# What connector will fit the grey waste outlet?



## trakweb (Nov 30, 2010)

We often stay on fully serviced sites and it would be useful to attach a hose to the vehicle to have "mains drainage".
Has anybody else achieved this and if so how?


----------



## 1943 (May 28, 2008)

Used a 1.5"BSP male to .5" hose connector from our local aquatics centre. Does restrict the flow to a trickle but if you're 'plumbed in' so what.

Bob


----------



## an99uk (May 12, 2005)

If parked not too far from the drain point you can use an old bicycle inner tube like we do.


----------



## Yaxley (Jul 25, 2008)

I bought a length of corrugated hose slightly bigger than the hose outlet and shove it on over it. It works for me.
Ian


----------



## TerryL (Feb 19, 2009)

As the waste pipe is internally threaded on my Bolero, I obtained a 1" outside threaded adapter from the local plumbers merchants and pushed on an old washing machine outlet pipe. Jubilee clip to keep it in place and I can now screw on the flexible drain pipe to reach wherever I have to.

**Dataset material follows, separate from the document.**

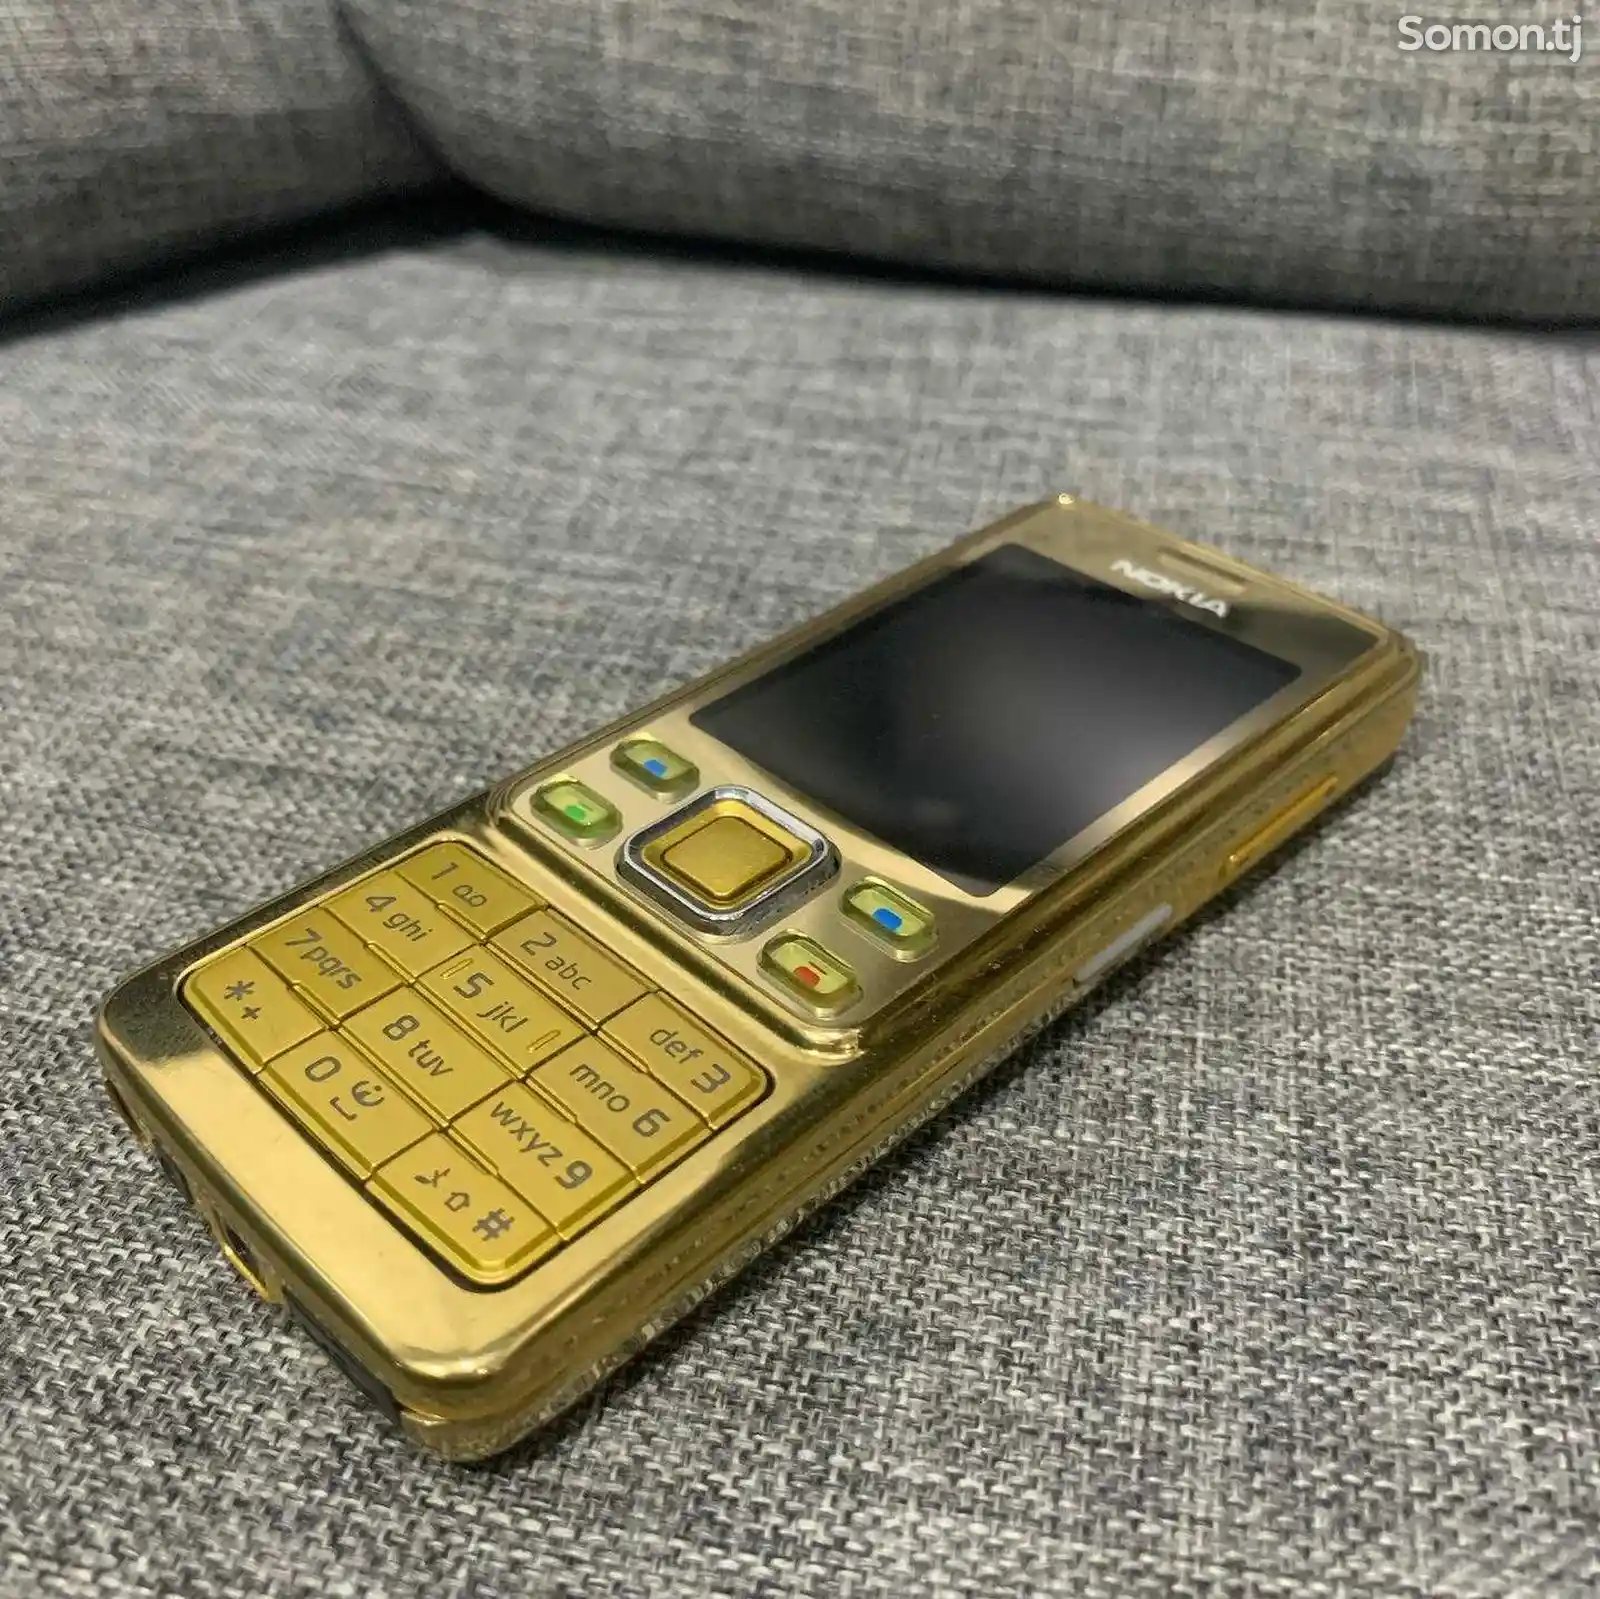 Nokia 6300-12

Make sure it's empty though when you take it off.........


----------



## lgbzone (Oct 8, 2008)

I don't have a hobby and i don't know the size/style of your outlet, but if you scroll down to the bottom of the page linked to below; you'll see pictures etc of my solution to the same issue.

< thread here >

HTH


----------



## Mikeclaire (Jun 27, 2012)

Yaxley said:


> I bought a length of corrugated hose slightly bigger than the hose outlet and shove it on over it. It works for me.
> Ian


X2


----------



## rugbyken (Jan 16, 2006)

As others have said depends on the van my old c I had a guillotine valve under the centre of the van and a 11/2 " waste fitting wedged in nicely saved manouvering to get over the drain , one of the first adaptions I did on the Bessie was to alter the waste a 3/4" overflow adapter screwed in to the valve and I can either turn this down into a container or add a length of large bore hose to run to a drain


----------



## rugbyken (Jan 16, 2006)

As others have said depends on the van my old c I had a guillotine valve under the centre of the van and a 11/2 " waste fitting wedged in nicely saved manouvering to get over the drain , one of the first adaptions I did on the Bessie was to alter the waste a 3/4" overflow adapter screwed in to the valve and I can either turn this down into a container or add a length of large bore hose to run to a drain


----------